Figure 12 shows the block diagram of LSTM-enabled P&O MPPT for duty cycle generation. Hereafter, data normalization, both forward and backward sweep, has been applied for proper training of the data set, which ultimately leads to better forecasting and selection of activation function. Again, in this architecture, 100 hidden networks have been taken into consideration for reducing the R 2 error. Finally, the duty cycle will be evaluated through a Fuzzy logic evaluator. The LSTM enabled MPPT will create a reference MPP for P & O and thereby minimizing the search space.
Case-1: Partial Shading Condition
Shading is an unavoidable effect in solar PV systems. The P & O algorithm oscillates around the maximum power point under varying partial shading conditions. To analyze the effectiveness of the proposed PSO-LSTM MPPT algorithm, a 50% shading effect in three clusters has been applied over the solar PV panel.
Basically, LSTM is affected by the type of activation function used in the system. Therefore, a comparative analysis of different types of activation functions with LSTM has been investigated.
Table 4 shows the cluster analysis of partial shading with PSO-LSTM. Relu activation function has been used in LSTM to evaluate the performance. As mentioned, five different clusters with transient disturbance of 10% to 50% have been used. It is observed that the tracking time increased to 39.63 ms for 50% transient partial shading against 11.93 ms for 10% transient shading. Gain a minimum MPP has been observed to be 153.0 W p and that of maximum 376.8 W p occurs at 10% transient partial shading.
Table 5 shows the comparative analysis of different MPPT algorithms under normal and partial shading conditions. Here the analysis has been carried out for the percentage of oscillations along with tracking efficiency. It is found that for PSO-LSTM MPPT, the efficiency is 93.47%, with the percentage of oscillations around 2.83 for normal conditions. Similarly, with under-average partial shading of 25%, the tracking efficiency for PSO-LSTM MPPT is found to be 83.27% with the percentage of oscillations around 9.26, which is 89.48% better as compared to GA MPPT and 87.23% efficient as compared to PSO MPPT under same conditions.
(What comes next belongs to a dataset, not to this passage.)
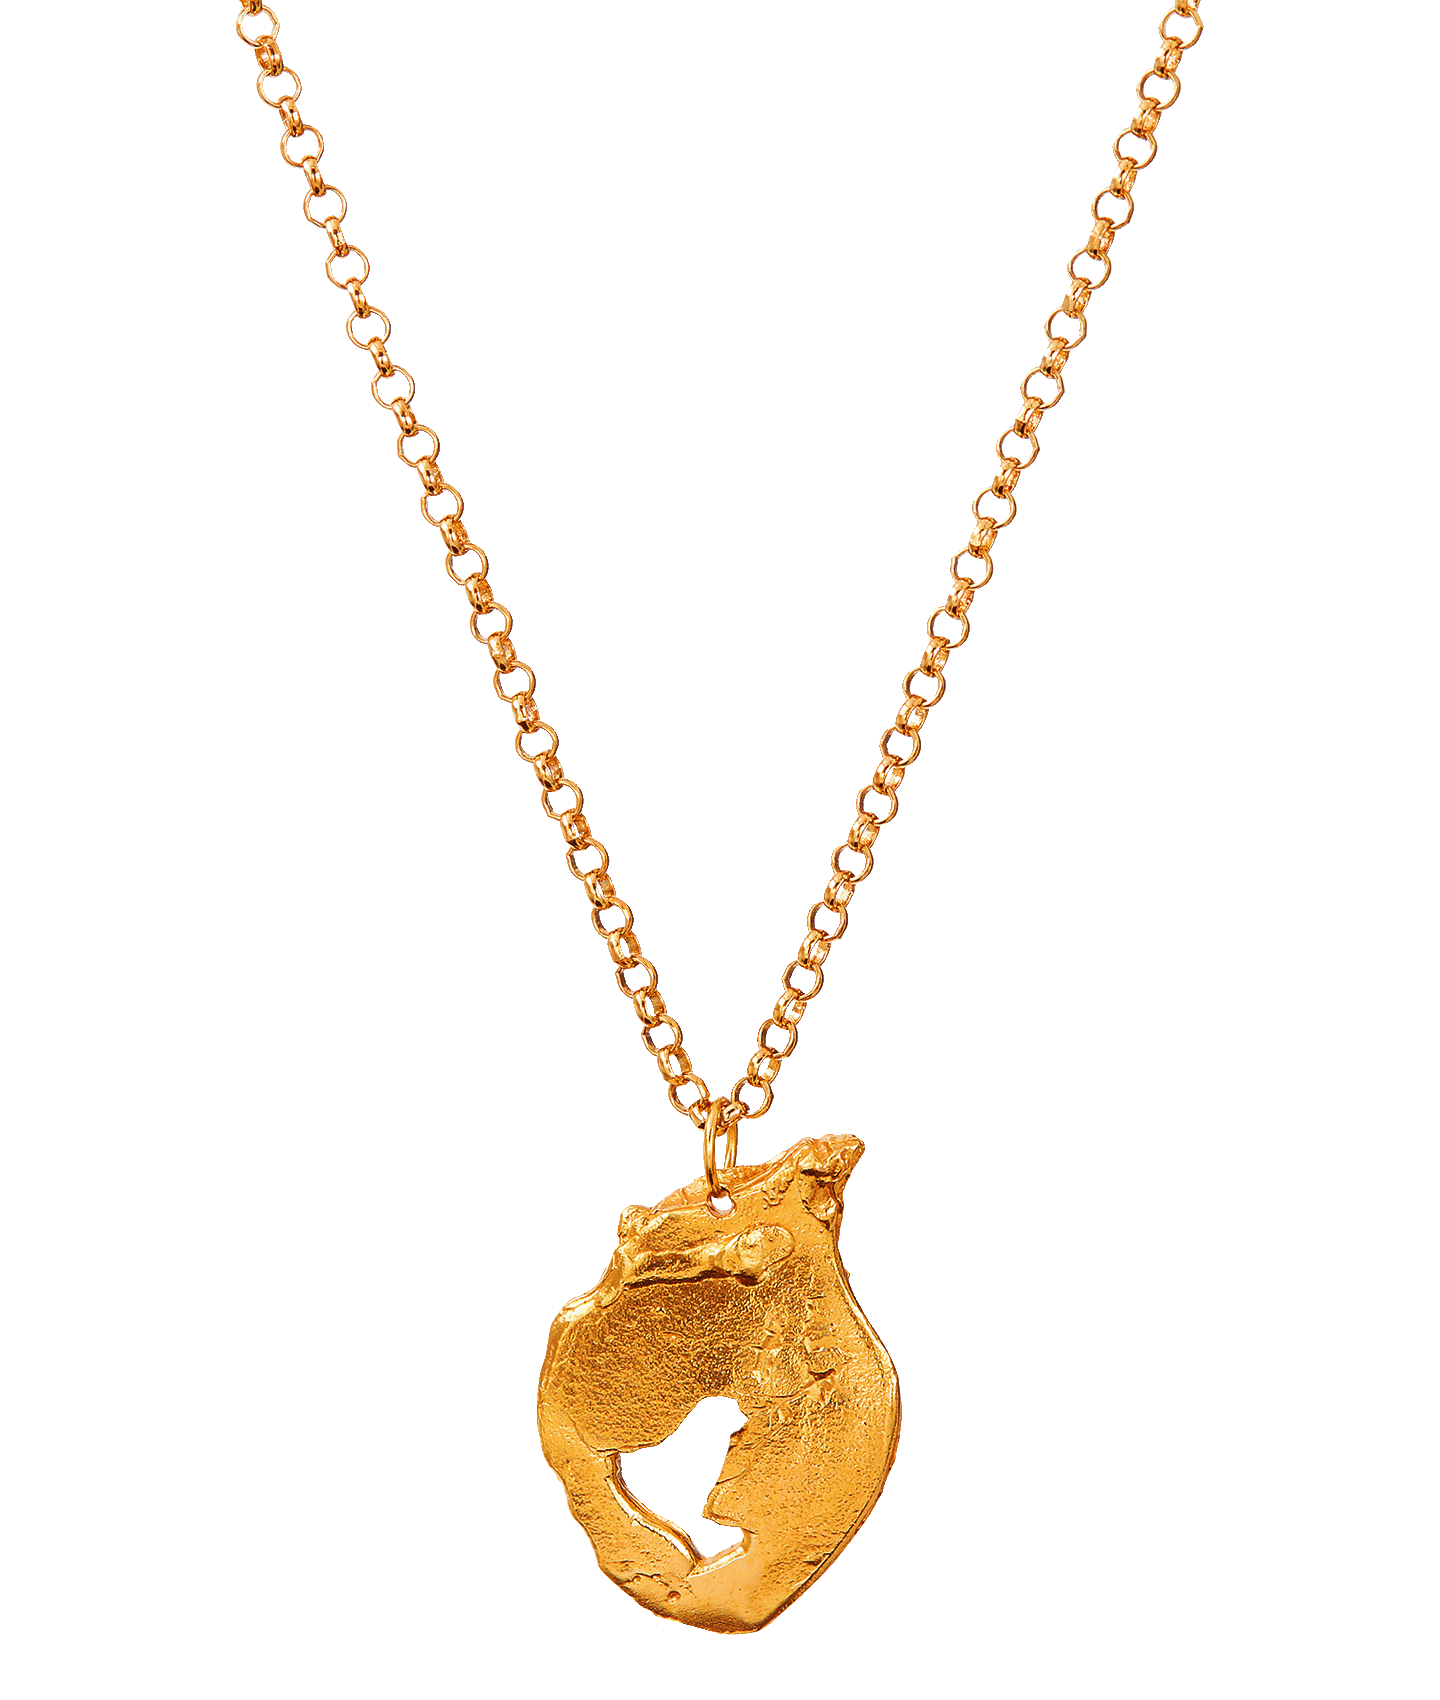 The Spellbinding Amphora Necklace

Figure 13 shows the characteristic evaluation for LSTM output and target along with the error curve under partial shading conditions. It is observed that the system has shown a maximum oscillation of 42% of shading condition, where LSTM efficiently distinguishes the MPP from the local convergence areas. At the same time, maintaining an accuracy level of 87.4%.
Figure 14 represents the histogram plot with 20 Bins for Instances against error under partial shading conditions. As observed, for an error of +1.42, the system shows 13.44 instances with a validation level of 27%. Similarly, Figure 15 shows the LSTM performance for Correlation and Lag under partial shading conditions. The system has an autocorrelation level of 0.027.
Case-2: Dusty Surface
Most of the time, solar panels are installed outside the building, in open space, or on the top of the roof. Therefore, it is obvious that it is highly affected by the dust. The MPPT controller must be designed in such a manner that it should be least affected by dust and other disturbances. In this research work, three different types of dust, such as L, M, and H-class, have been applied on the surface of a solar panel for the effectiveness of the MPPT performance. The three types of dust have been applied over three clusters. Table 6 shows the performance of solar PV under different dusty conditions with the proposed algorithm.
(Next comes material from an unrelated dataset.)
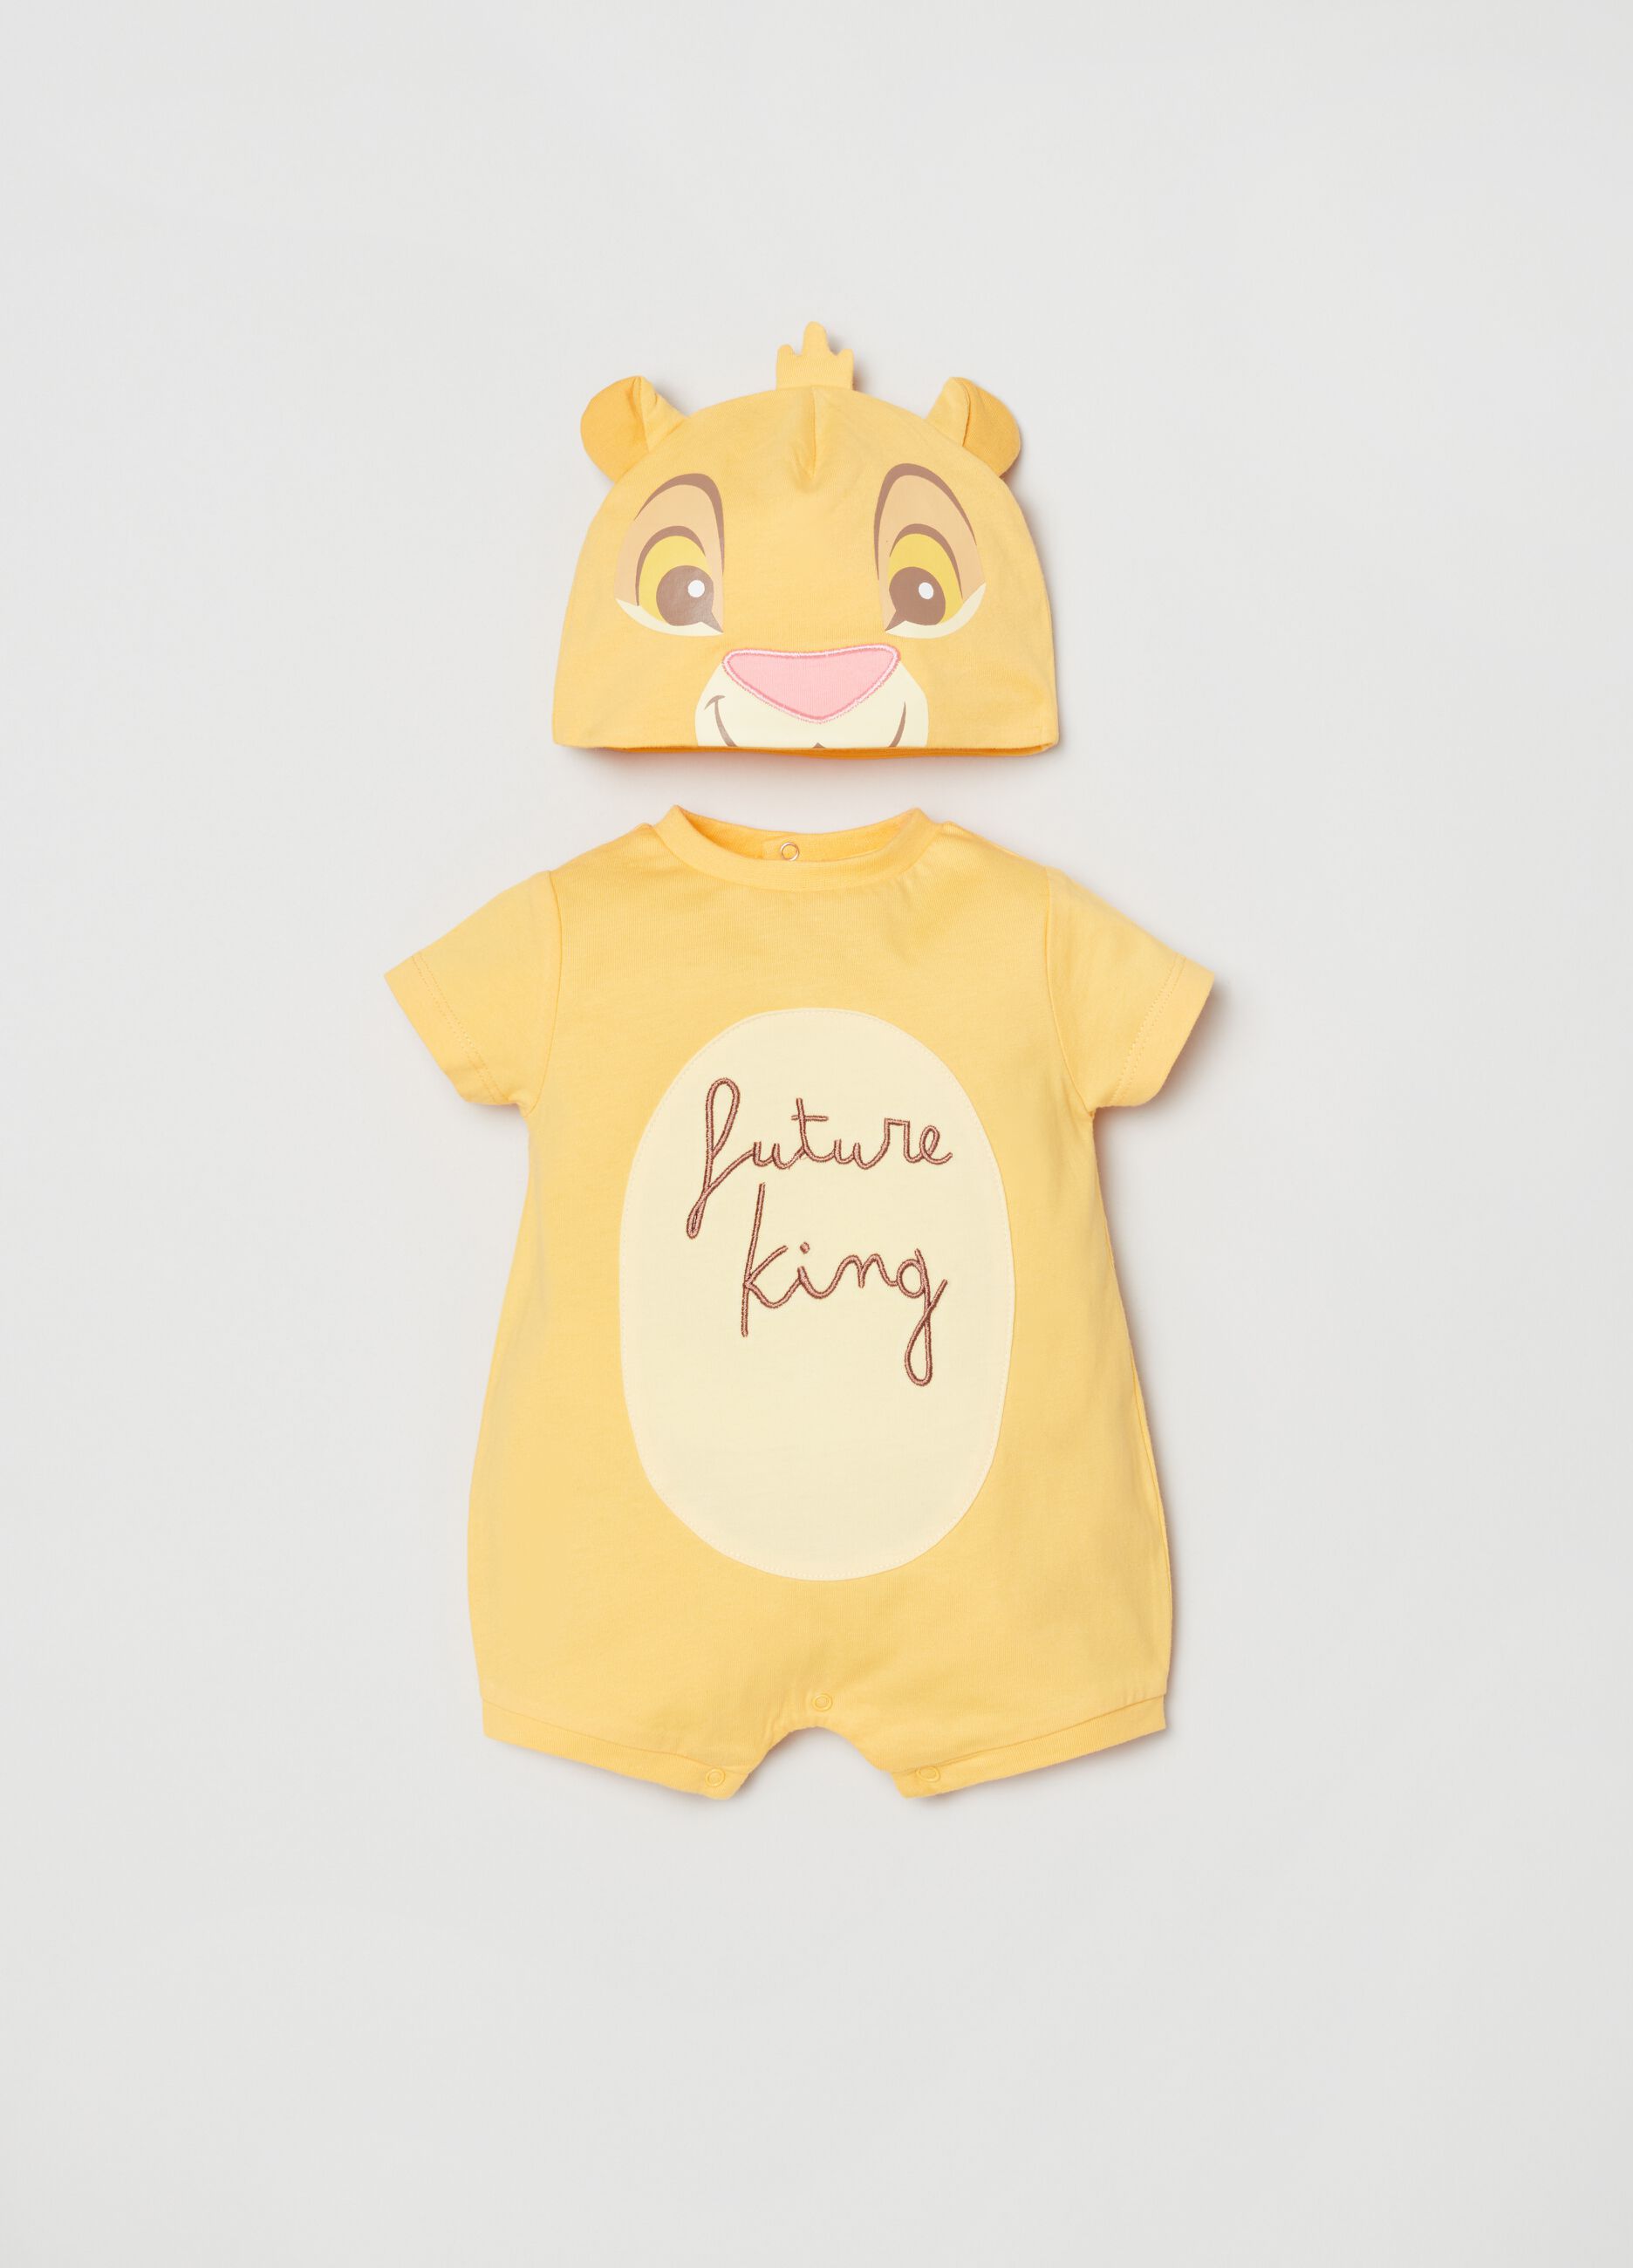 Disney Baby Lion King romper suit and hat set

Table 7 shows the cluster analysis of dusty surfaces, where a comparative analysis of the proposed system has been carried out under different percentages of concentration of dust. It is observed that for 30% of L-type dust, the tracking time is 4.93, whereas, for H-type of dust, it is 24.89. Similarly, a standard deviation of 18.35 has been observed for 30% concentration of H-type dust, and that of 12.29 has been observed for M-type dust levels. Therefore, on average, it can be concluded that the proposed system is robust in terms of tracking and speed of operation observed in Table 7.
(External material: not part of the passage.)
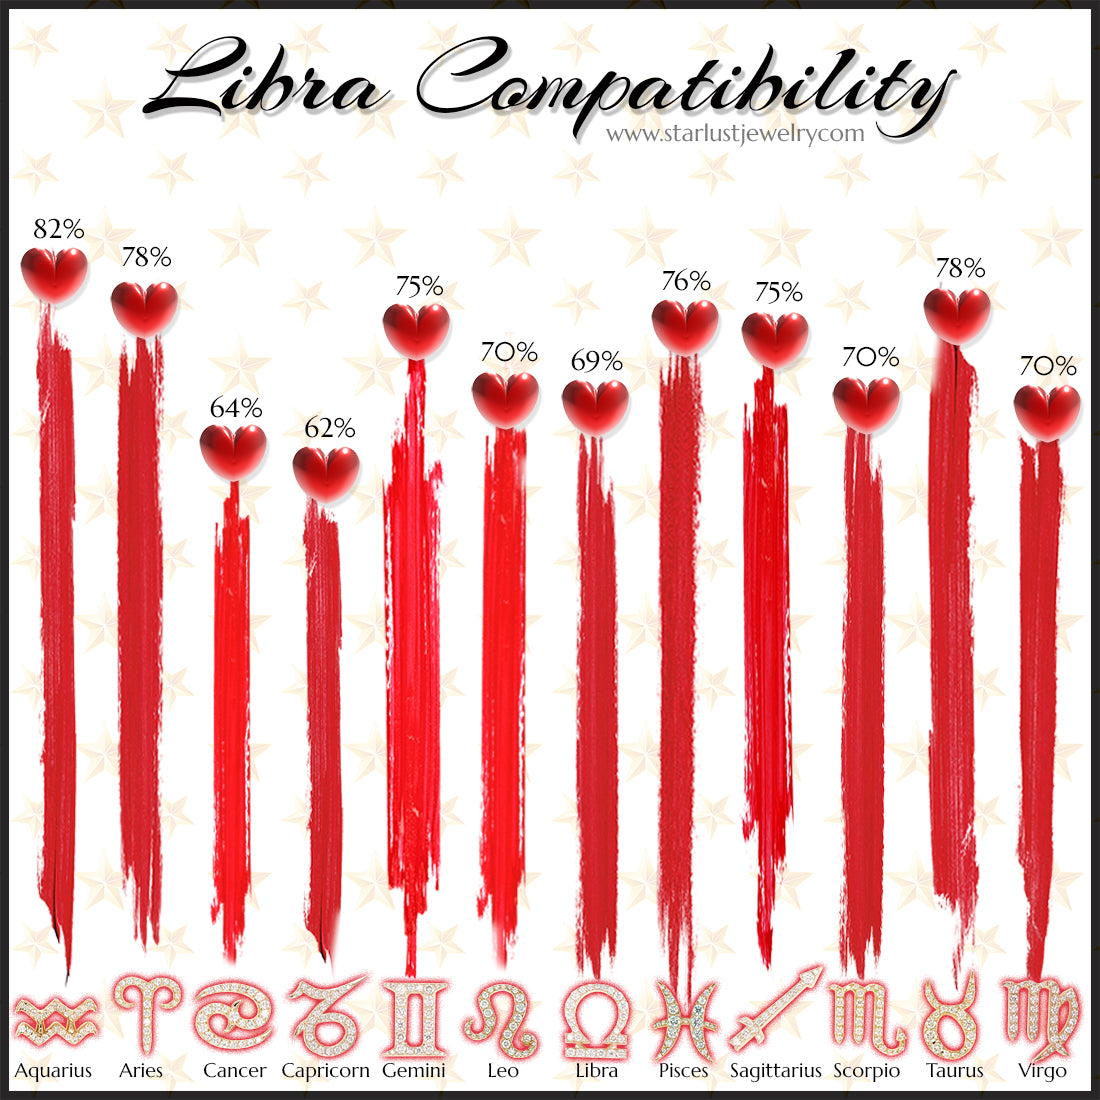 Libra Compatibility Across the Zodiac Signs

Figure 16 shows the characteristic evaluation for LSTM output and target along with the error curve under dusty surface conditions. It is observed that the system has shown a maximum oscillation of 26%, where LSTM efficiently distinguishes the MPP from the local convergence areas. At the same time, maintaining an accuracy level of 89.01%.
Figure 17 represents the histogram plot with 20 Bins for Instances against error under dusty surface conditions. As observed, for an error of +0.048, the system shows 10.31 instances. Similarly, Figure 18 shows the LSTM performance for Correlation and Lag under dusty surface conditions. The system has an autocorrelation level of 0.015.
Case-3: Green House Gas Concentration
Although greenhouse gas concentration does not have a direct impact on the performance of solar PV panels, they create a large amount of heat as a function of albedo, which ultimately increases the surface temperature of SPV. This extra increase in temperature has an adverse effect on the performance of SPV. Hence in the present research, it has been included for effective evaluation of the proposed controller.
Table 8 shows the performance of PSO-LSTM MPPT under different concentrations of GHGs. It is observed that for C O x with 1.7 kg of GHG, the tracking time is 7.22 ms, and that of for N O x and C O x at the same concentration, it is 6.69 ms and 6.83 ms, respectively. Again, a minimum MPP of 355.66 and a maximum MPP of 383.48 has been observed for C O x and N O x , respectively.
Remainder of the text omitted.